Researchers at the Cornell University College of Veterinary Medicine have discovered a new method to measure tiny amounts of antibodies in foals, a finding described in the May 16 issue of PLOS ONE.
The methodology will help understand how fast a foal starts producing its own antibodies, which in turn will help optimize recommendations for young horse vaccination schedules, said Dr. Julia Felippe, associate professor of large animal medicine, and research associate Rebecca Tallmadge.
Newborn horses are initially protected against diseases by antibodies they receive after birth through the colostrum produced by their dam. Vaccination is an important strategy to protect neonates against diseases. However, administrating vaccines too early in life may have negative effects. Vaccines work by presenting the immune system with a killed pathogen (or a protein from it) that will "train" the body to recognize it as an intruder. If the immune system of the young animal is not ready, instead of recognizing the pathogen's protein in the vaccine as foreign, it may identify it as "self" and impair the production of an immune response against this particular pathogen. Additionally, the mother's antibodies may interfere with the neonate's antibody production, making the vaccine ineffective. To develop a protective vaccination strategy, it is crucial to understand how young animals become immunocompetent.
Monitoring the development of the neonatal immune system using traditional methods, such as an antibody count in the foal's blood, is hampered by the abundance of maternal antibodies relative to the young's own. The maternal antibodies wear off progressively as the young animal ages, but this may take a few months depending on the half-life of the different antibodies. Current guidelines recommend vaccination of foals to start at 3 months or at 6 months of age if the dam was vaccinated in late gestation.
"We presume that if the mother is vaccinated in her last month of pregnancy, her antibodies will transfer to the foal, but in reality we don't measure the efficiency of this process," said Felippe. Previous work led Felippe and Tallmadge to believe that the foal immune system could respond to vaccines very early in life, and the team decided to test this hypothesis. They vaccinated 3-day-old foals, gave them boosters at 21 and 35 days, and followed the foals' immune response up to 42 days after birth.
To overcome the challenge of counting antibodies in such young foals, Felippe and Tallmadge examined the foals' B cells, the cells that create antibodies. This allowed them to examine the foal's immune response alone, independent of maternal circulating antibodies. Additionally, B cells take up to 10 days before releasing the antibodies they created. "After they find a match for the antibody, B cells adjust and tweak their antibody to make a perfect fit for the pathogen," says Felippe. "They are amazing, they are like little factories." The DNA changes that occur in the B cells' maturation process can thus be tracked through time by sequencing their DNA. As the researchers gave boosters to the foals, they observed an increase in the diversity of mutations in the B cell DNA as those immune cells kept looking for a better fit to the antigen. "Testing antigen-specific B cells gave us beautiful responses," said Tallmadge. This suggests that foals start producing antibodies in the first days when vaccinated. Yet results were different depending on the type of vaccine.

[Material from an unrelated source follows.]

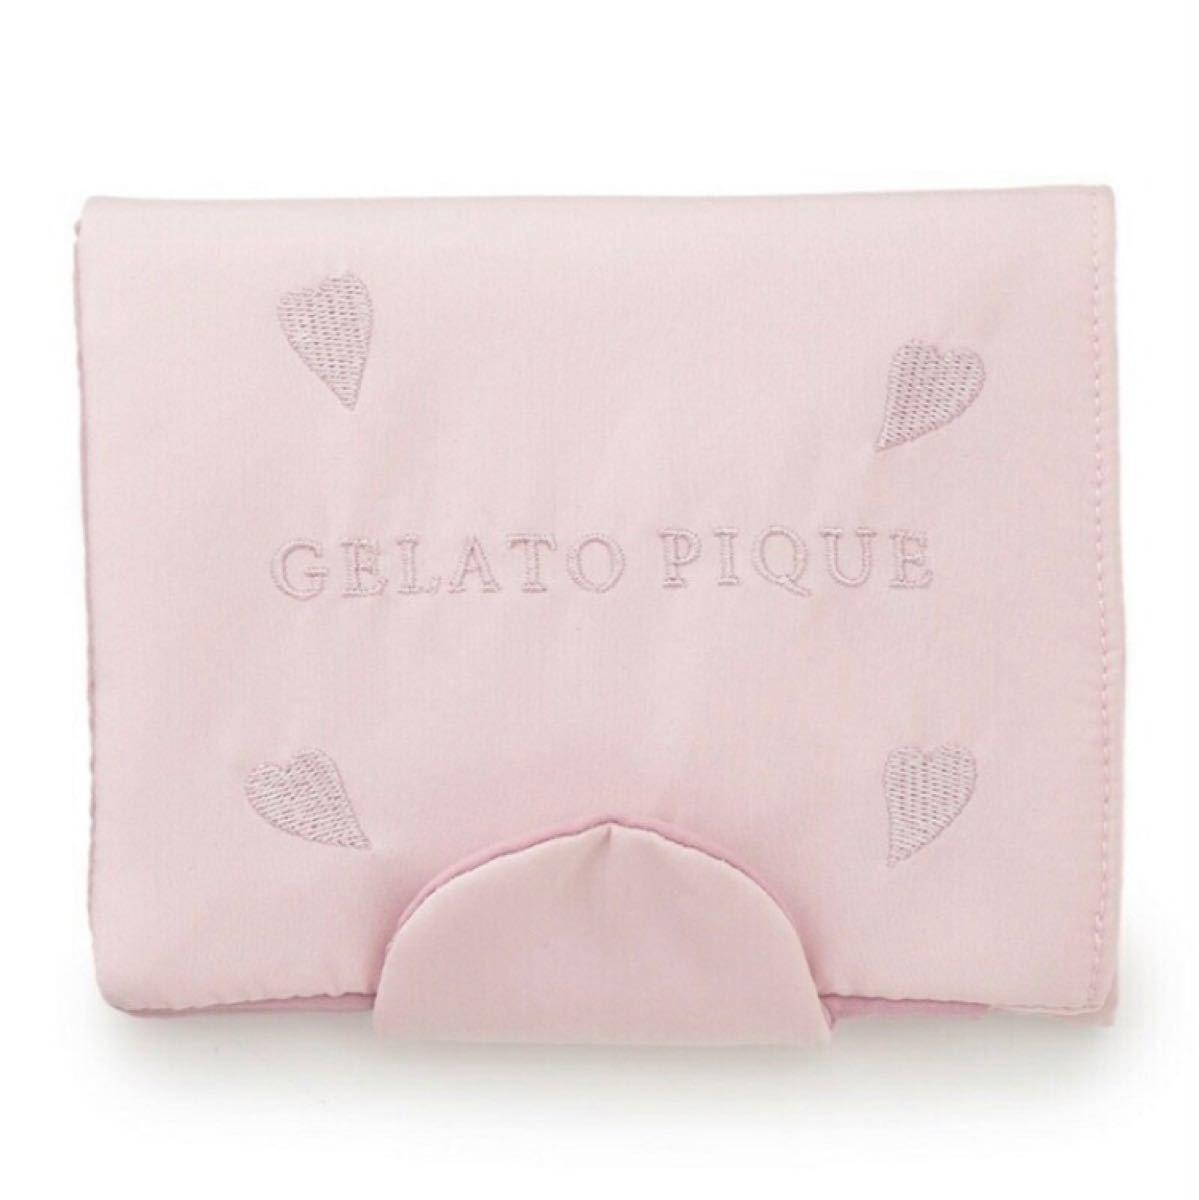 gelato pique(ジェラート ピケ)【SAKURA FAIR】マスクポーチ
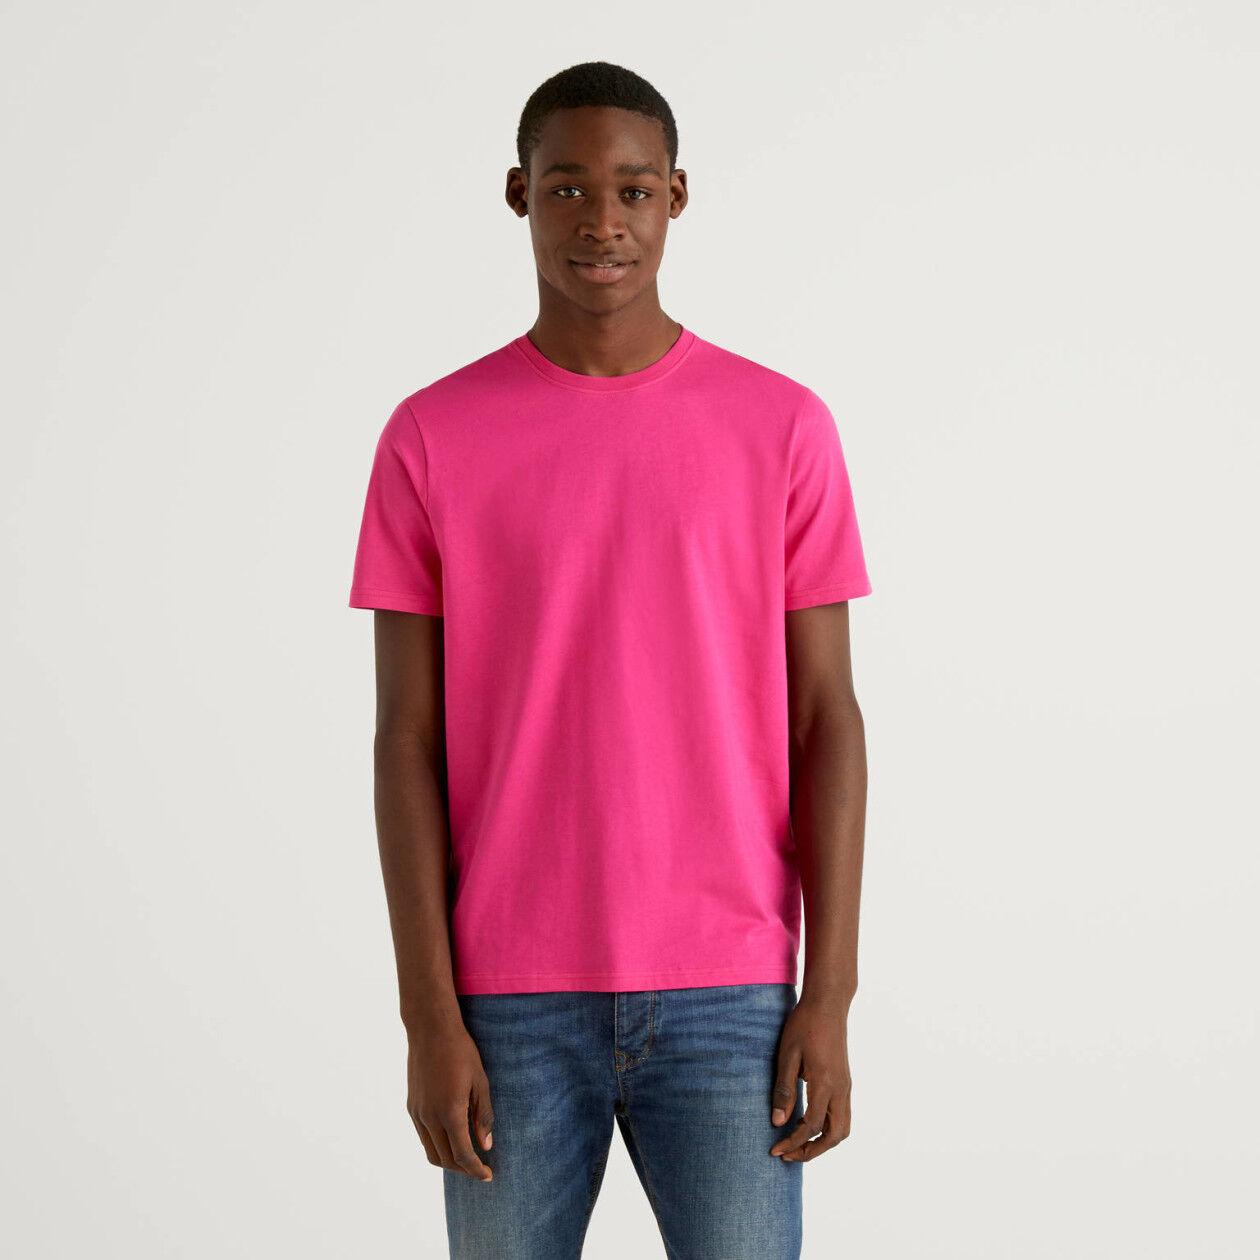 Fuchsia t-shirt in pure cotton

"Our results suggested that some vaccines may induce higher production of antibodies than others," said Felippe. "However, our experiment was not designed to measure efficacy of certain vaccines." Rather, its aim was to explore the neonate's immune response almost in real time, and with more sensitivity, without confounding circulating maternal antibodies.
"Our approach can be applied to any vaccine or pathogen in any host species," said Tallmadge. After showing that neonates are capable of an immune response, the researchers now want to see if there are neonate-specific mechanisms designed to prevent this response.
"The reason why such a mechanism would exist is, imagine you live in the womb, very protected, and now you are out in the environment with billions of pathogens poking you for an immune response. If you respond to every stimulus with the same intensity at the same time, something might happen with you," said Felippe. "So, there may be something out there that prevents you from damaging yourself in this process and prioritizes a response to a stimulus that is relevant."